- _DATA FOR ANALYSIS_:
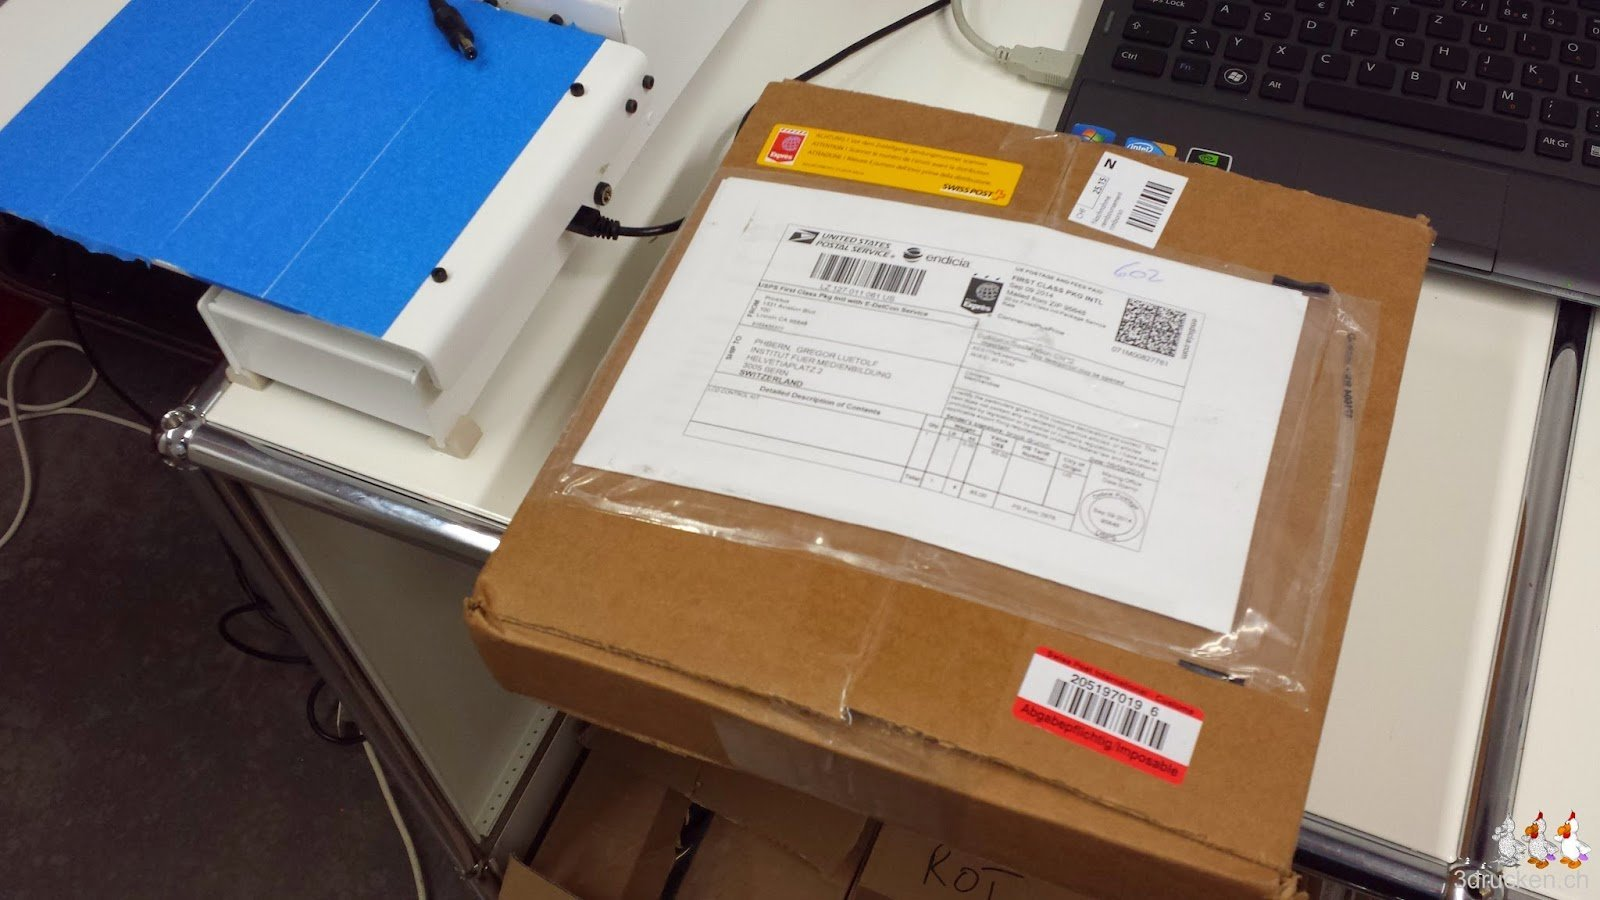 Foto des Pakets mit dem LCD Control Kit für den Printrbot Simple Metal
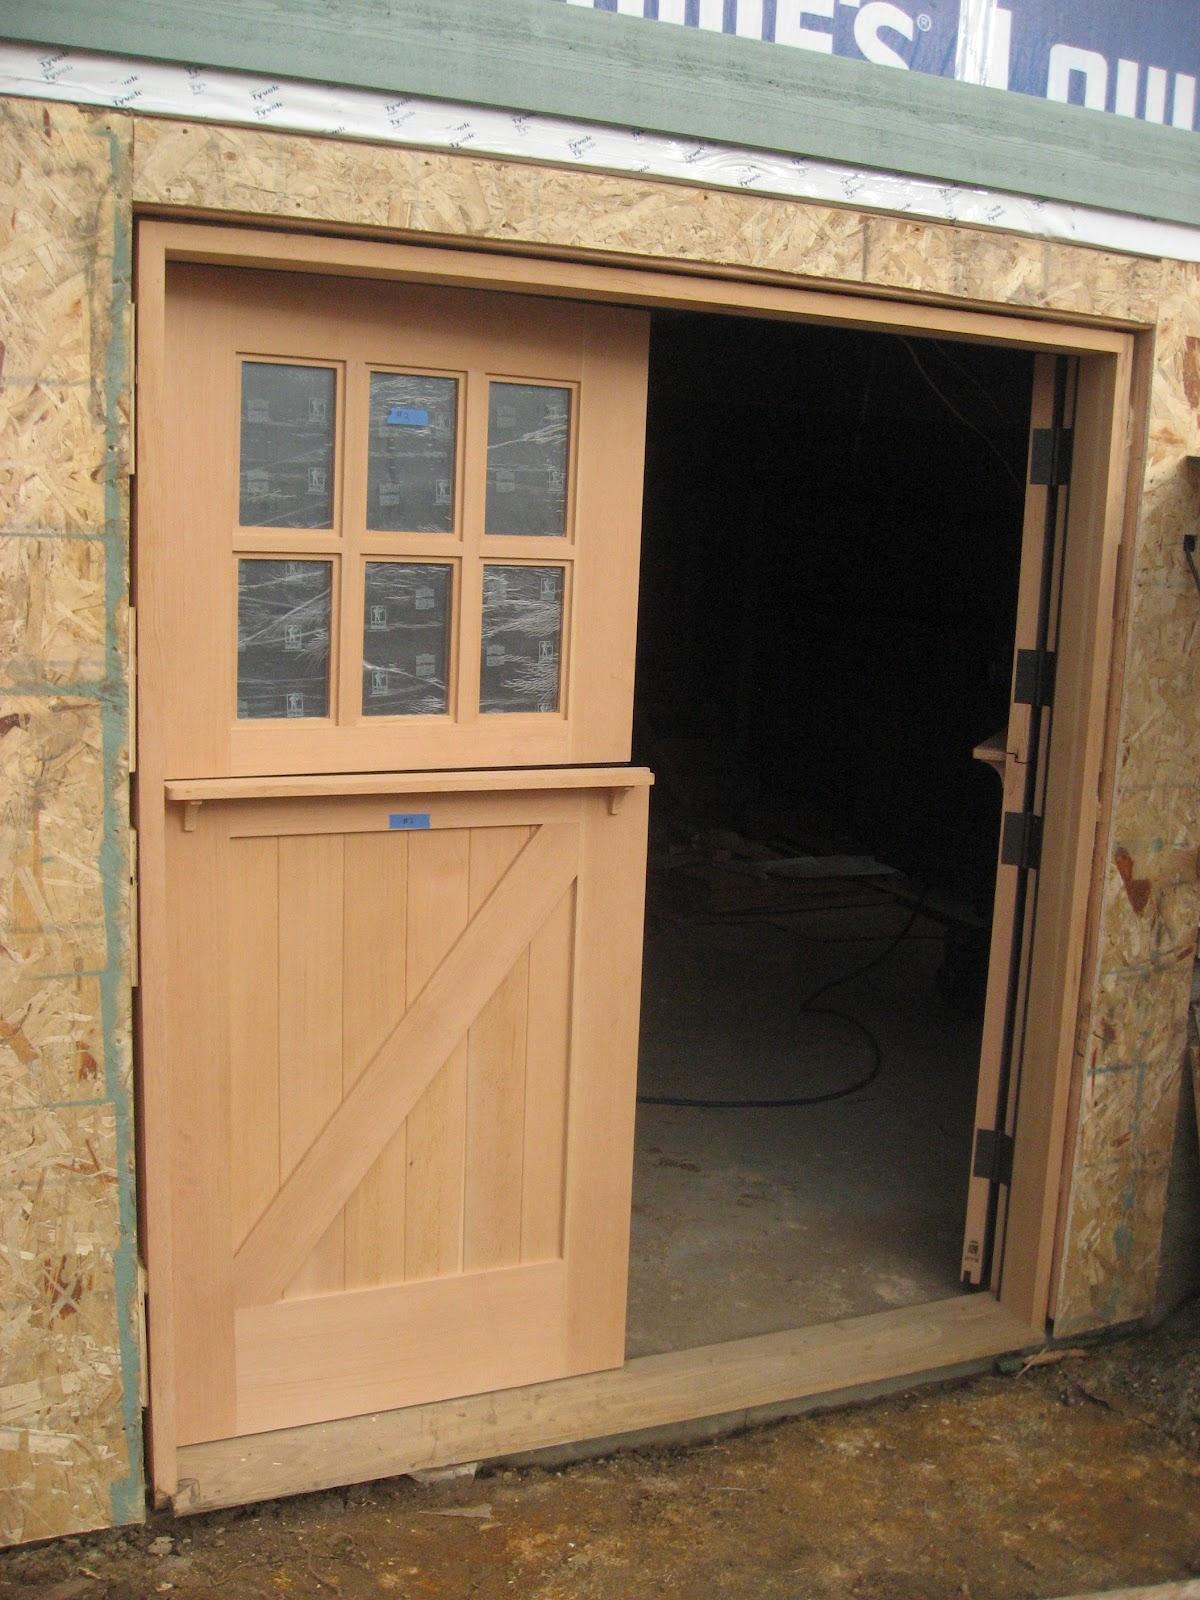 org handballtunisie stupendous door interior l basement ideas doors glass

...

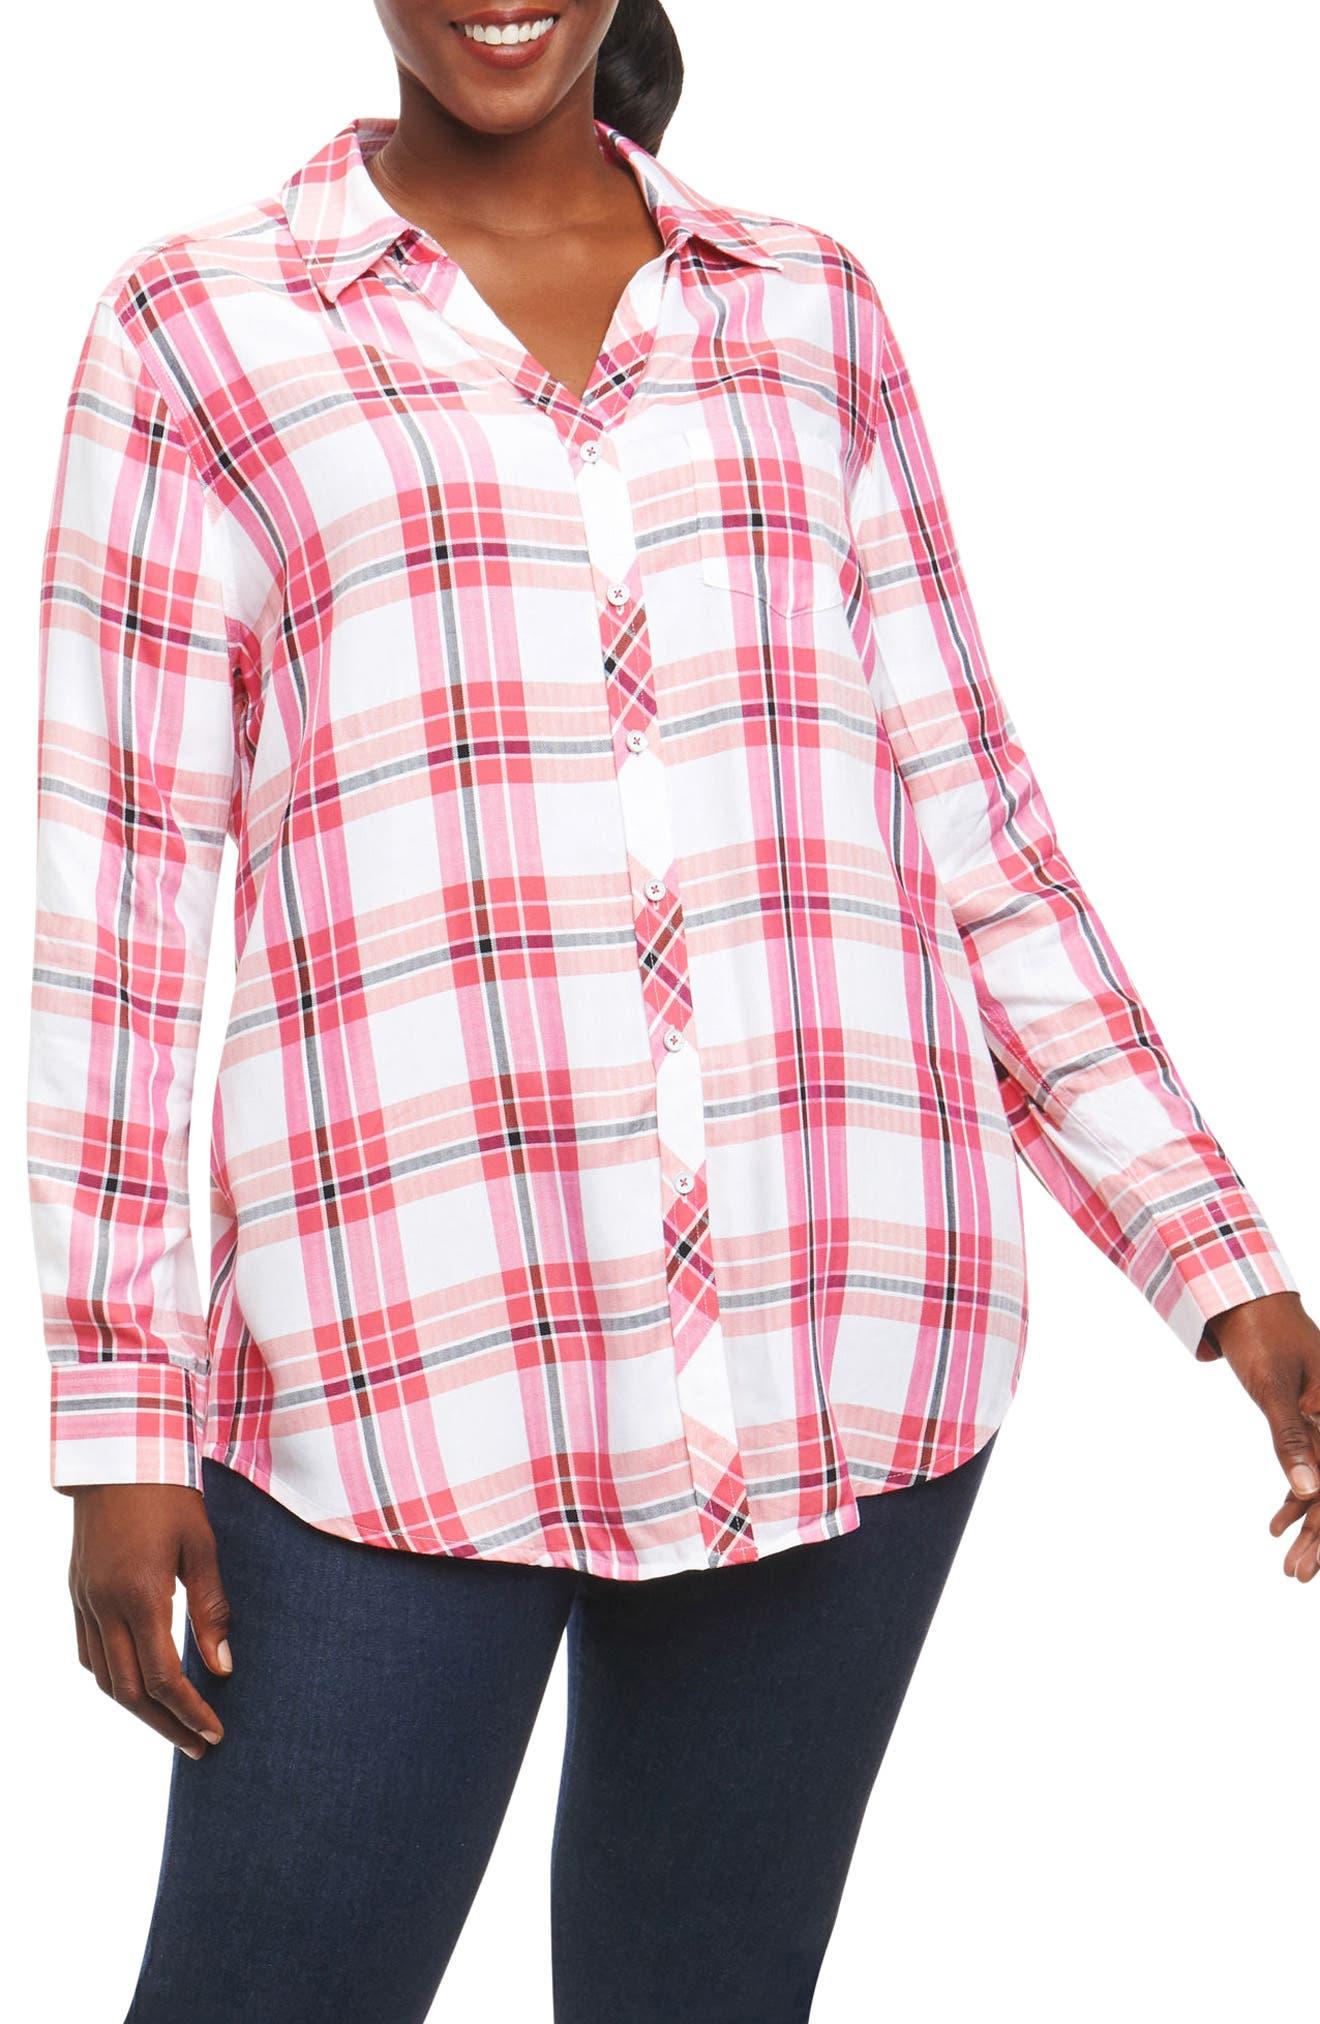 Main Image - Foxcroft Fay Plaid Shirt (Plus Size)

...

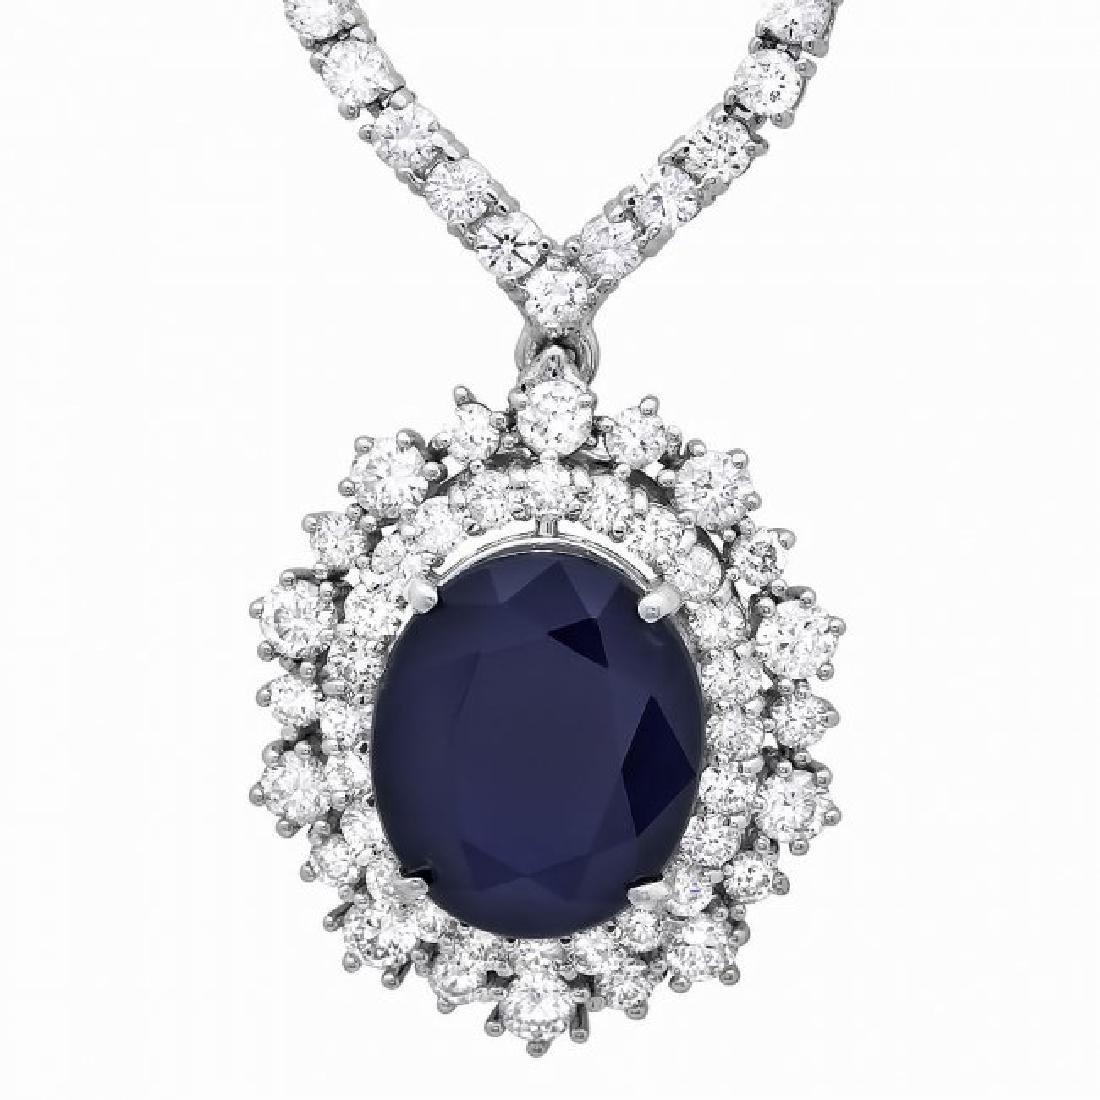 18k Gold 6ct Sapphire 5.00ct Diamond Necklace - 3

- _INSTRUCTIONS TO FOLLOW_: Output exactly, and only, the lines of the entries above from the one with "Foto des Pakets" up to and including the one with "org handballtunisie stupendous"; pictures are to be left out.

- _SOLUTION FOR THIS EXERCISE_:
 Foto des Pakets mit dem LCD Control Kit für den Printrbot Simple Metal
 org handballtunisie stupendous door interior l basement ideas doors glass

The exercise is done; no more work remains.